Wing size measurement

To measure fly wing size, we modified a method that was previously described23. Briefly, the right wings of 3-day-old female flies were dissected and mounted in 70% glycerol. Images of each wing were taken using a LEICA EZ4E and the LAS V4.10 software. The distance between wing landmarks #5 and #13 was measured with ImageJ and used as an indicator of wing size.

Viability assay

Three freshly eclosed females and 5 freshly eclosed CS males were incubated at 25 °C in vials with standard media. On day 2, the flies were transferred to new vials to collect eggs. On day 3, the flies were removed and the number of eggs in each vial was counted. The number of pupae and adults that then emerged in each vial was counted on days 7 and 11, respectively. The pupation rate was calculated by dividing the number of pupae by the number of eggs. The eclosion rate was calculated by dividing the number of adults by the number of pupae.

Feeding assay

To measure feeding, we used the Fly Liquid-Food Interaction Counter (FLIC) assay37. The FLIC master control unit and Drosophila Feeding Monitors (DFM, Sable Systems) were kept at 25 °C and 70% humidity under a 12 h:12 h light:dark cycle. Freshly eclosed females were aged in groups of 10 and loaded individually into the DFM unit with a 5% sucrose solution. Feeding behaviors were recorded for 30 minutes or 24 hours. All recordings started at ZT8. Data were analyzed with custom code written in MATLAB.

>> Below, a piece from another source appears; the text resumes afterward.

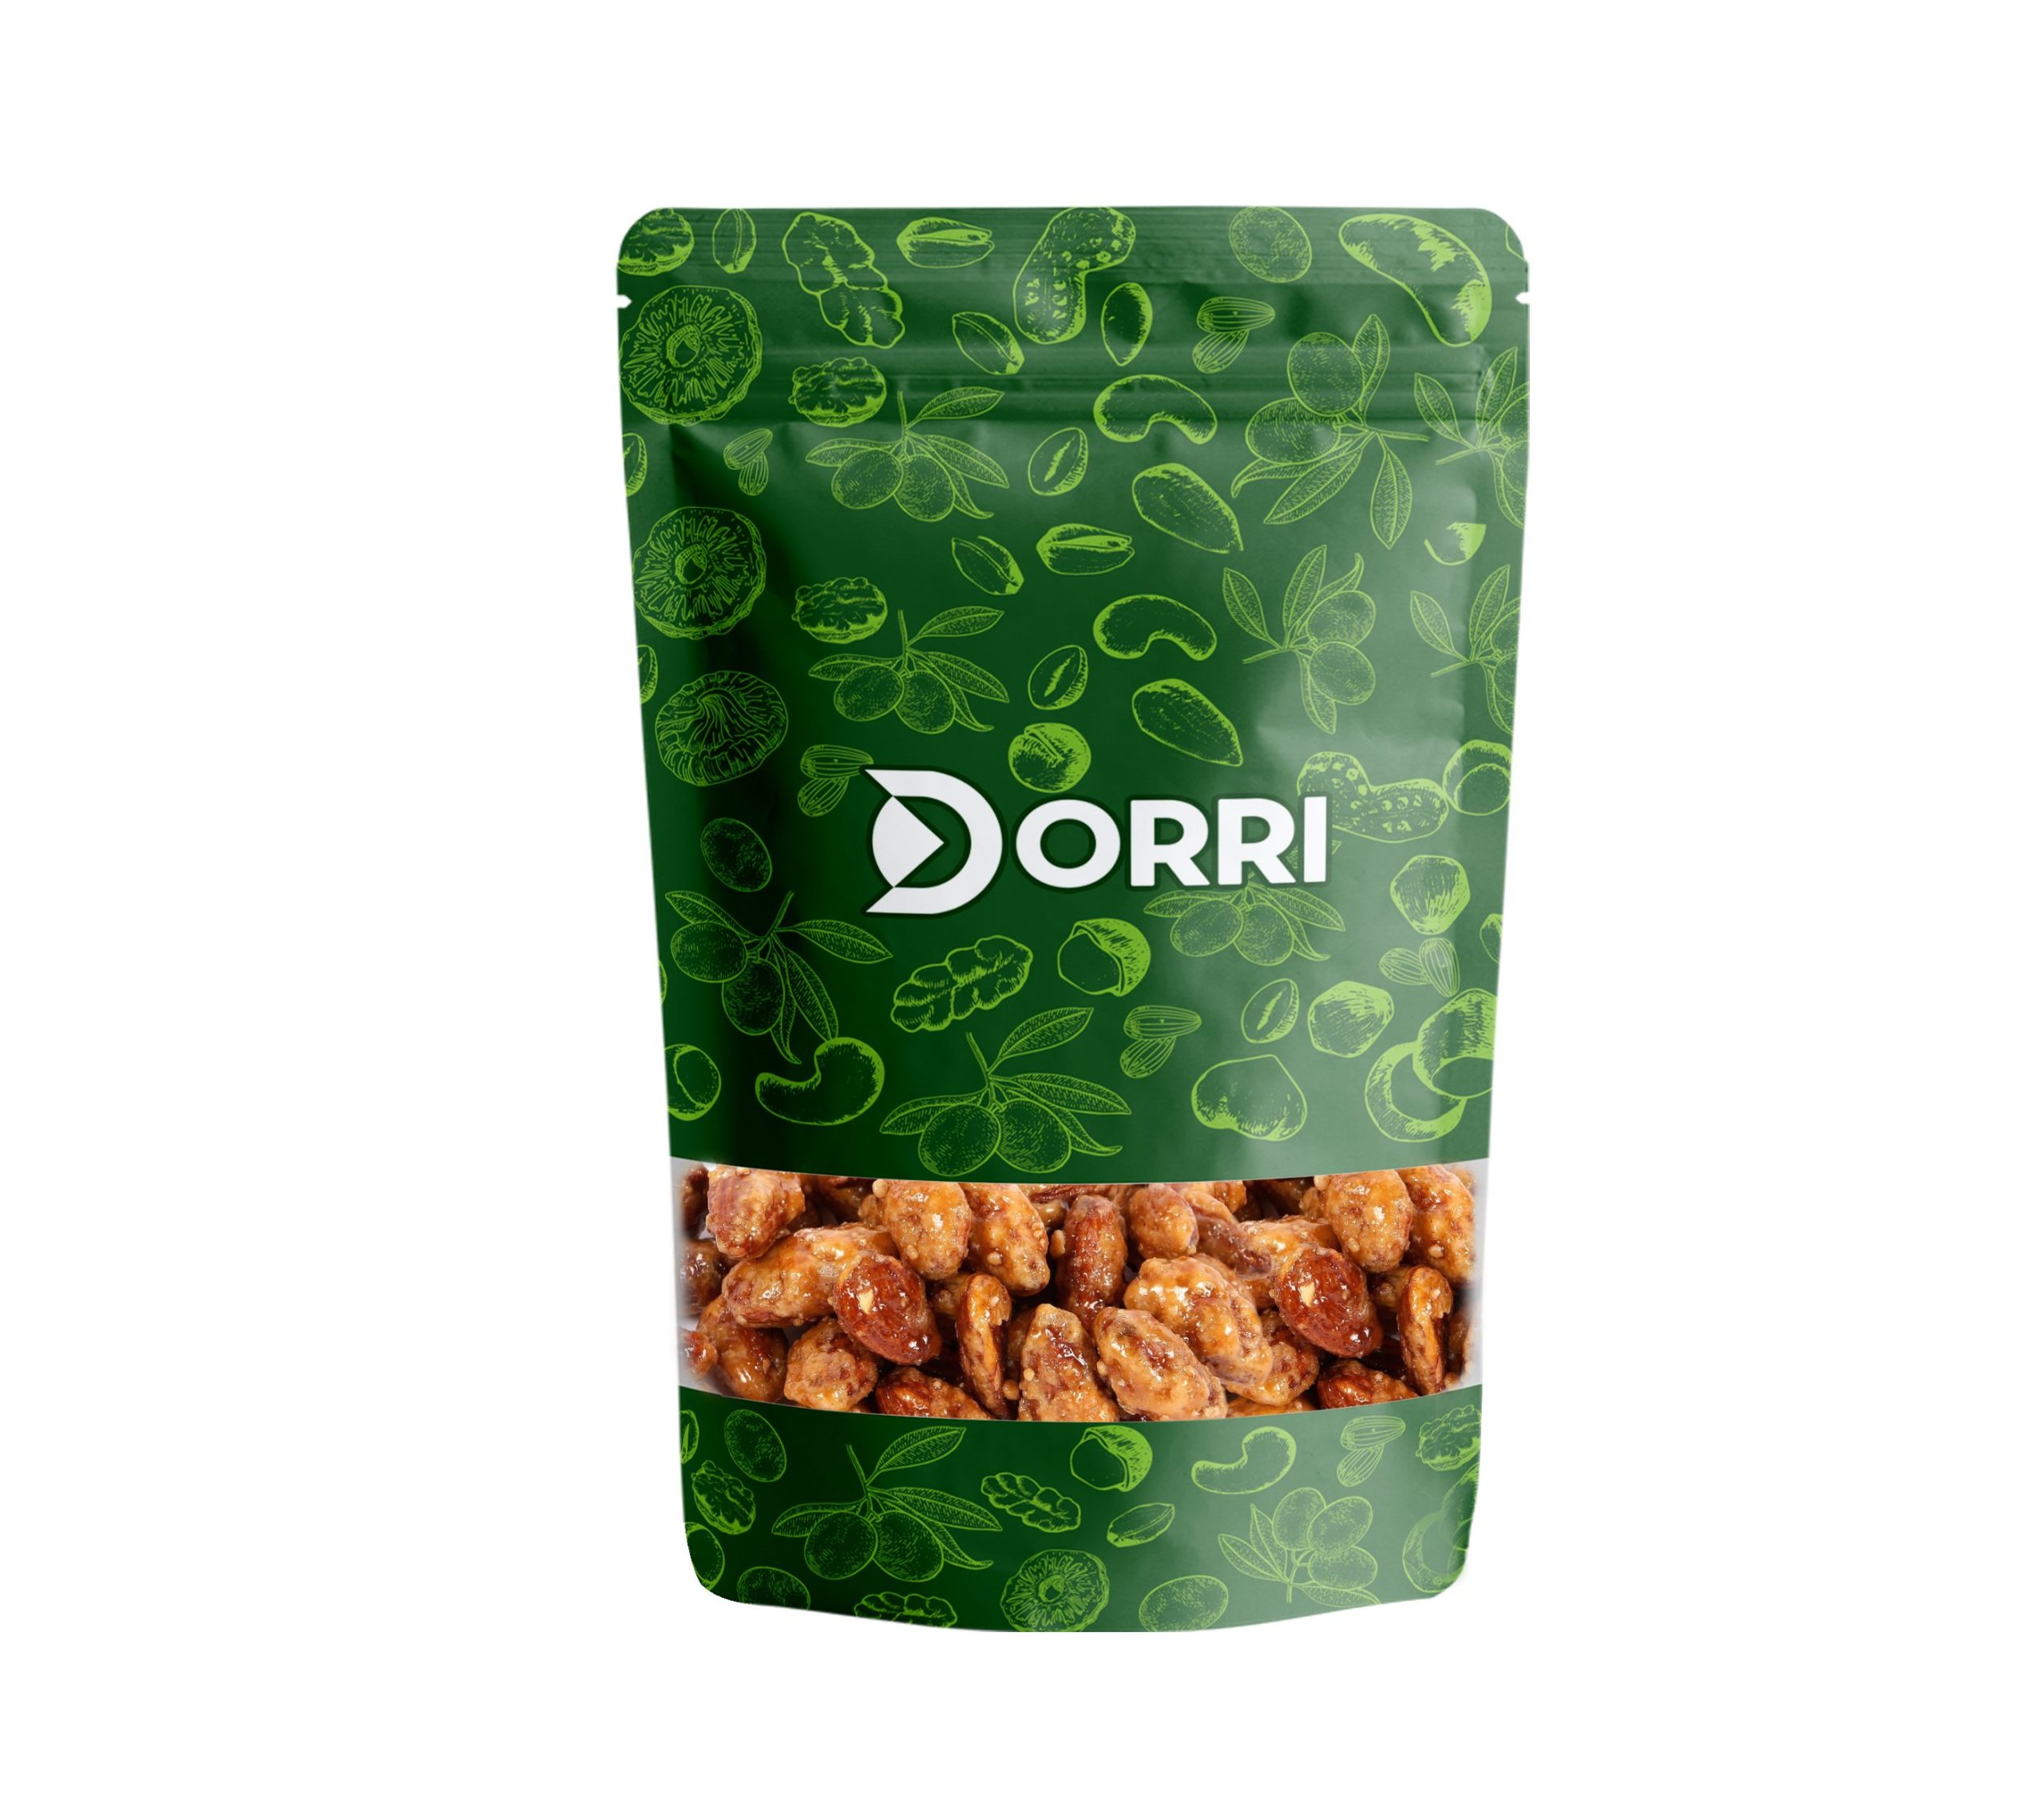 Dorri - Honey Roasted Almonds

Electrophysiology and optogenetics

Flies 0-to-12-h post eclosion were transferred to a vial containing the cornmeal food with 0.5-mM all-trans-retinal. The flies were kept in the dark for two days, and only females were prepared for whole-cell patch clamp experiments. For dissection, all legs were removed with the cuticle on the ventral part of the thorax. While leg and haltere nerves were severed, the cervical and abdominal nerves were left intact. A dissected fly was pinned down with the ventral side up on a Sylgard plate and placed under the microscope (Fig. S10a). The glial sheath covering the target cell area was cleared by an extracellular solution containing 0.5 mg/mL Collagenase (Worthington, USA). We perfused an extracellular solution (275–280 mOSM) that contained in mM: 103 NaCl, 3 KCl, 5 N-Tris(hydroxymethyl) methyl-2-aminoethanesulfonic acid (TES), 10 Trehalose, 10 Glucose, 2 Sucrose, 26 NaHCO3, 1 NaH2PO4, 1.5 CaCl2, 4 MgCl2. Patch-clamp electrodes (4–8 MΩ) were pulled (P-1000, Sutter Instrument), fire-polished (MF-900, Narishige), and then filled with solution containing (in mM): 140 potassium aspartate, 1 KCl, 10 HEPES, 1 EGTA, 0.5 Na3GTP, 4 MgATP, and 0.02 Alexa-568-hydrazide- sodium, pH 7.3 (265 mOsm). The membrane voltage of the target cell was amplified (A-M Systems Model 2400), digitized at 10 kHz (PCI- 6221, National Instruments), and saved to a computer (WinEDR, University of Strathclyde). Voltage measurements have been corrected for a 13-mV junction potential. Stimulation light pulses for CsChrimson-expressing cells were generated by a green channel of an LED illumination system (pE-300, CoolLED) and passed through two long-pass filters that have a 610 nm cut-off wavelength (Edmund Optics).

Statistics and reproducibility

Experimental flies and genetic controls were tested at the same condition, and data are collected from at least two independent experiments. Each confocal micrograph was from 5 to 10 samples, all of which showed the same results. Statistical analysis was performed with GraphPad Prism Software version 7.00 (GraphPad Software). A summary of statistical analyses including adjusted p values is provided in Supplementary Table 1.

Reporting summary

Further information on research design is available in the Nature Research Reporting Summary linked to this article.